Who specifically is the Mediator?
As we had stated at the end of our last post the typical answer to this question is Christ, but who is THE Christ? What say the Scriptures?
“For as the body is one, and hath many members, and all the members of that one body, being many, are one body: so also is Christ. For by one Spirit we were all baptized into the body…for in fact the body is not one member (Christ its head alone) but many (from the divine standpoint, a composite body)… now you (who have been baptized into Christ, made participators in his death, Rom 6:2) are the body of Christ (the Anointed, the Church, having lost your individually being joined to the body), members in particular (individually, the mystery hidden from ages and from generations, but now revealed in his saints, ‘Christ in you, the hope of glory’ Col 1:26,27 ).” 1 Cor 12:12-14, 27
“And he is the head of the body, the church: who is the beginning, the firstborn from the dead; that in all things he might have the preeminence.” (Col 1:18)
So then if Christ is the Mediator of the New Covenant (Heb 8:6; 9:15) having obtained a more excellent ministry (a more exalted and effective service than the earthly priesthood), insomuch as he is also the Mediator of a better covenant, which was established on better promises (promises under which not only the “Israel of God”, [Gal 6:16], the Church, the body of Christ benefits, but likewise through them the whole world), and furthermore God has since reconciled US (the Church, the anointed) to himself by Jesus Christ (NOT through any mediatorial work on the part of Christ, but though faith in the blood as we had shown in Part 3 of this study), and (now having been reconciled, He) has given US the ministry [work] of reconciliation (the ministry of mediation) 2 Cor 5:18.
As members of the body, co-labors with Christ, we as under-priest are all involved in the same work, some on this side of the Vail some on the other side, but nevertheless all of one mind, one purpose.
“As for the word Mediator, it is indeed a glorious name and title possessed by our Lord, but it is not the proper name to be associated with his service in our justification. It is not scripturally applicable to the church at all, except that we are associates with the Mediator of the New Covenant as ‘his members’ in the sufferings of this present time and as joint-heirs with him in the glorious prospects of the Millennium.” (R4560:6)

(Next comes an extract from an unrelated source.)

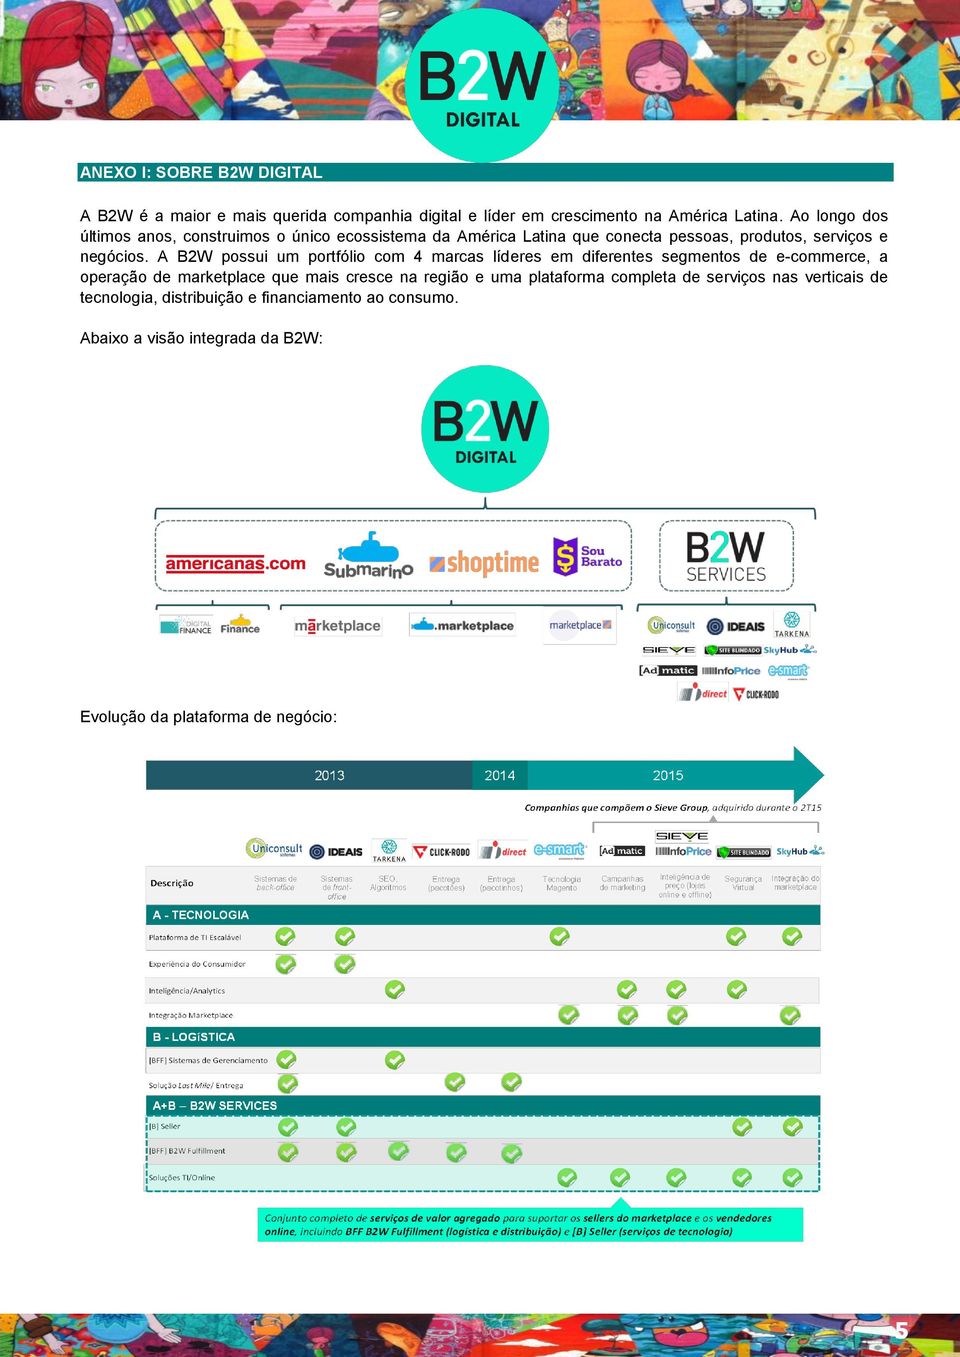 A B2W possui um portfólio com 4 marcas líderes em diferentes segmentos de e-commerce, a operação de marketplace que mais cresce na região e

“The Lord is now gathering his Church, a “little flock,” to be members of the antitypical Prophet, Priest, King, Judge, Mediator between God and the world of mankind during the Millennium. These called, chosen, spirit-begotten, are “able ministers of the New Covenant,” after the same manner as their Lord–walking in his steps. They minister or serve the New Covenant as an attorney serves in drawing up an agreement or Covenant. It will not be a Covenant until sealed, but, while it is in process of preparation it is spoken of as a Covenant and, in writing the agreement; the attorney is serving that agreement by putting it into shape, arranging for its sealing, etc. So Christ and his members are able or qualified ministers or servants of the New Covenant which God has promised and in which the hope of Israel and the world is centered.
In what way do Christ and the Church now minister for or serve that New Covenant? In various ways:
(1) In gathering the members of the Body of the great Mediator.

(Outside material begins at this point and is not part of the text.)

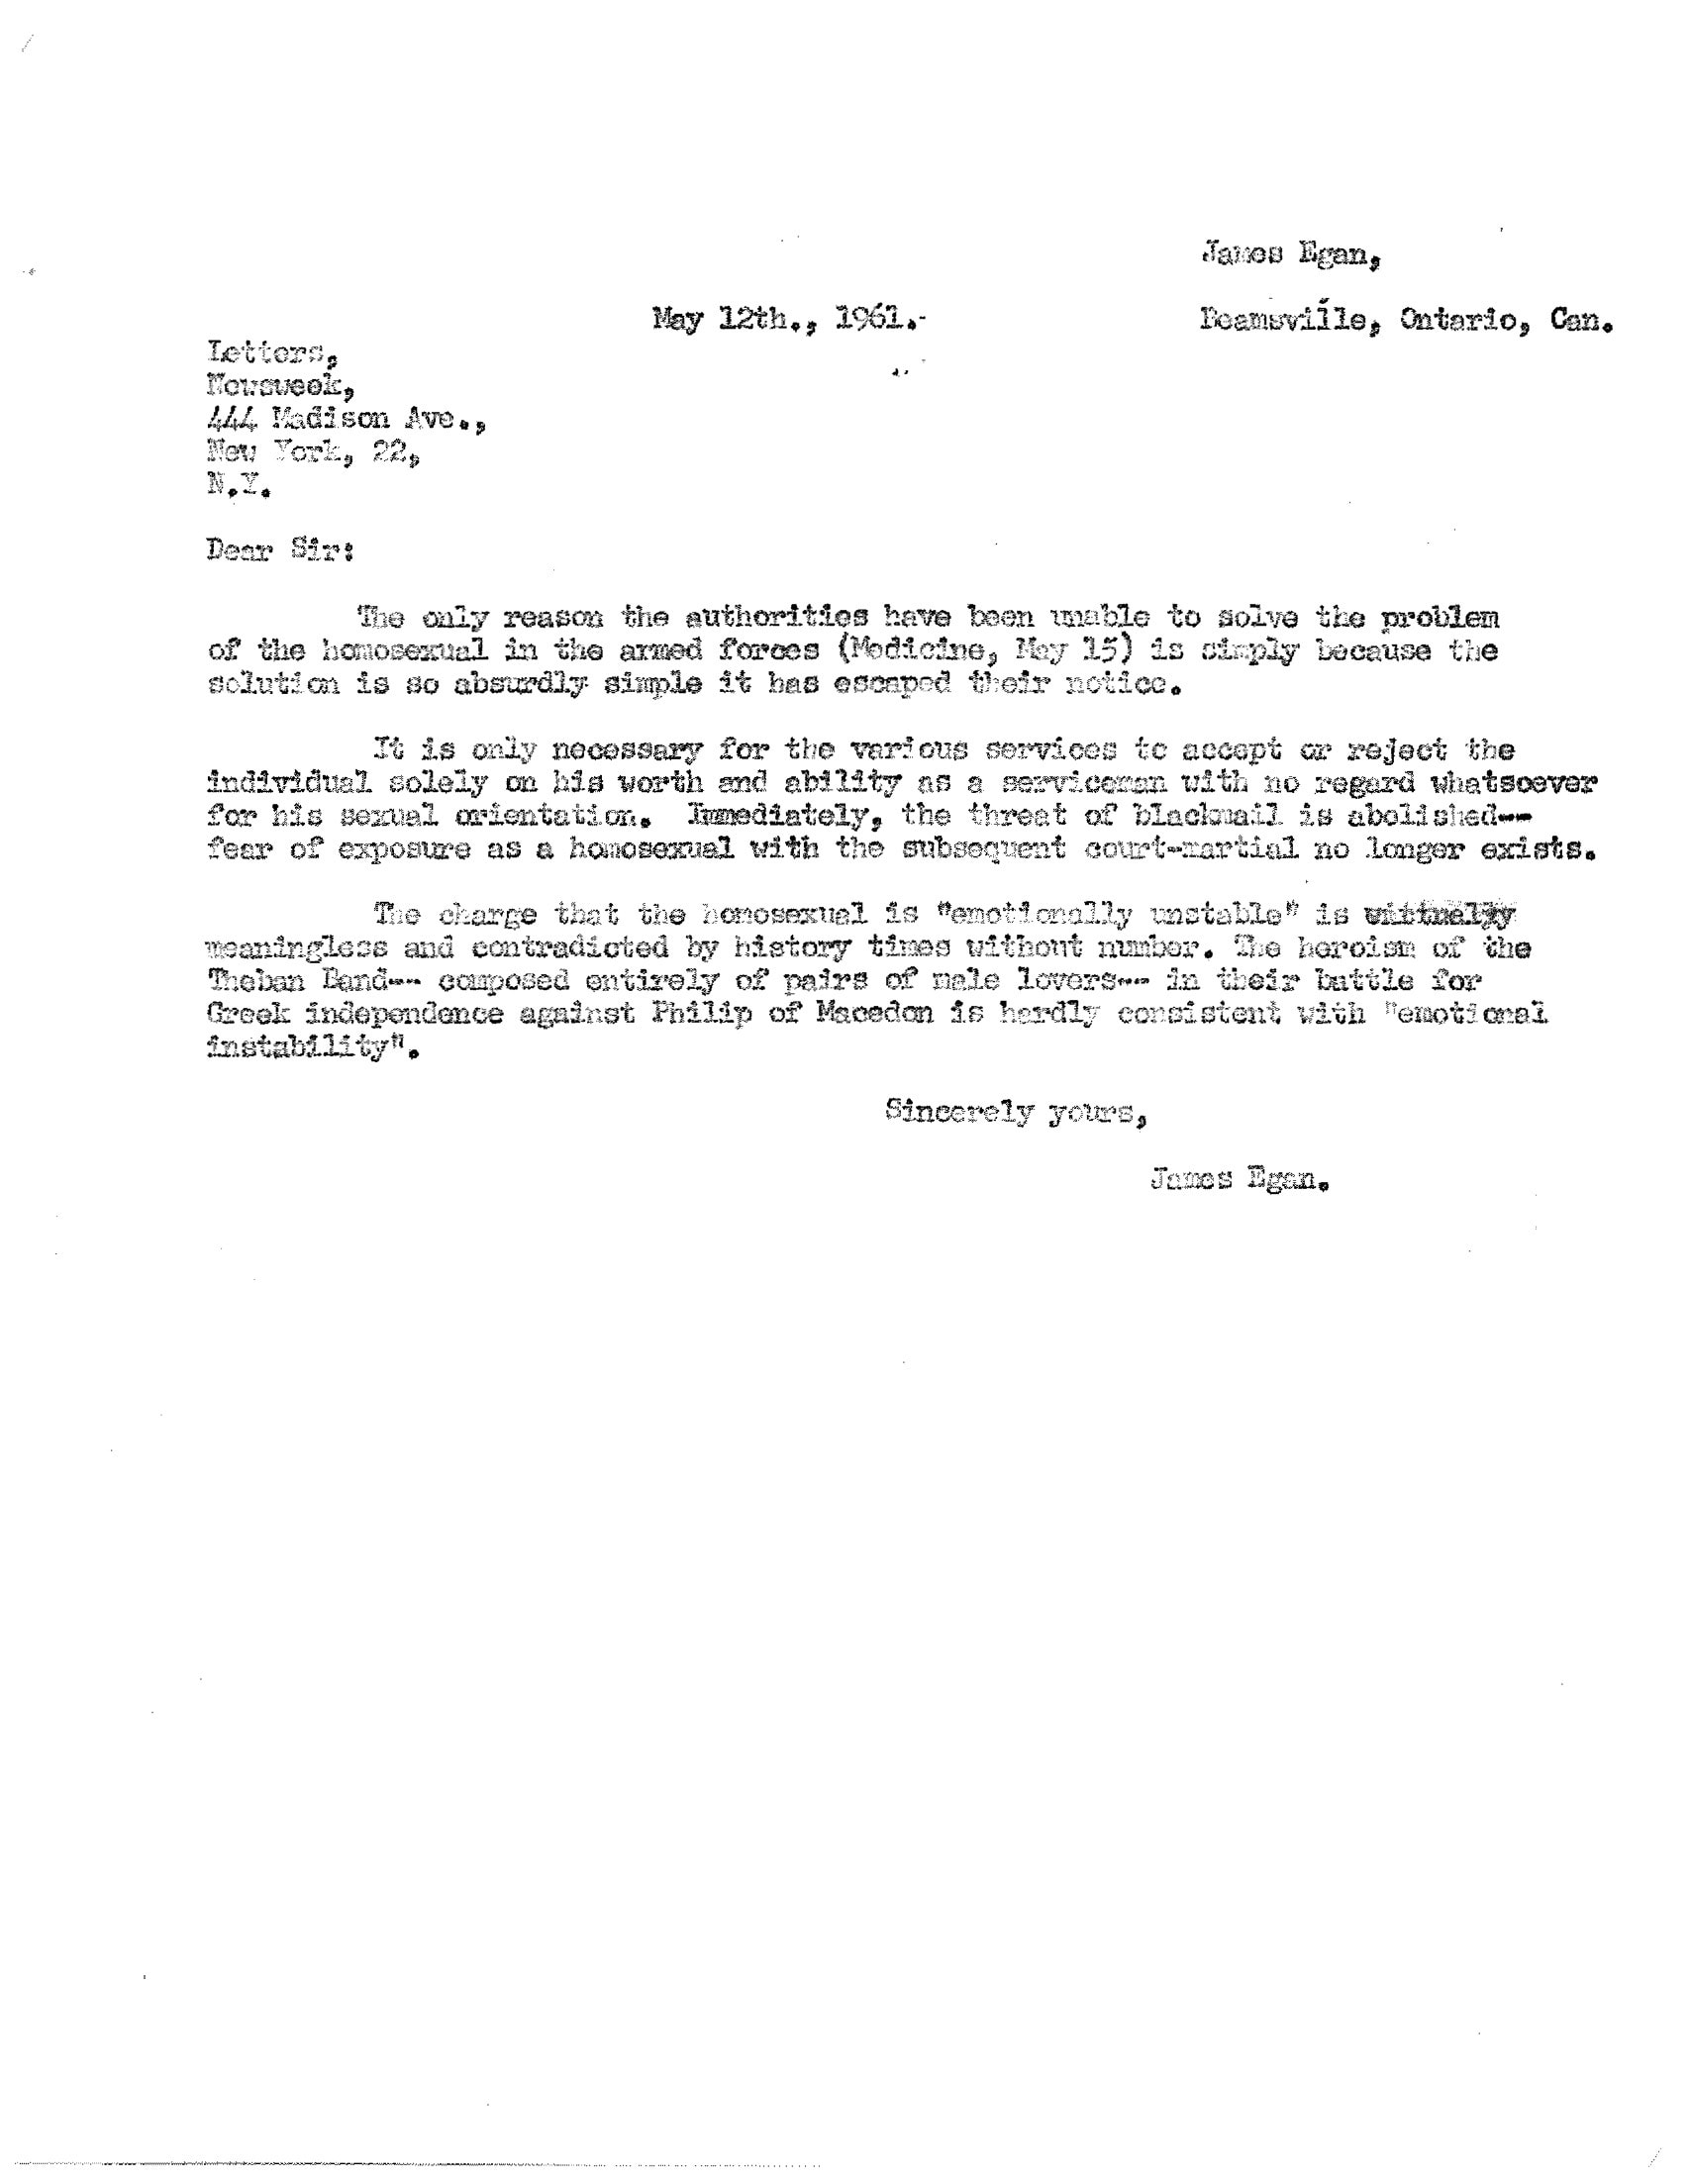 Typewritten letter from James Egan.

(2) In learning and teaching to others the lessons necessary to qualify for the position.
(3) In preparing the blood with which it is to be sealed–“his blood,” “Jesus’ blood,” appropriated first to the Church and ultimately, after having served its purpose in the justification of the Church, to be passed on for the blessing of the world through the sealing of the New Covenant with Israel.” (R4496)
“Moses indeed said, a prophet shall the Lord God raise up unto you from among your brethren, like unto me. To him shall ye hearken in all things whatsoever he shall speak unto you. And it shall be, that every soul that shall not hearken to that prophet, shall be utterly destroyed from among the people.” (Acts 3:22, 23)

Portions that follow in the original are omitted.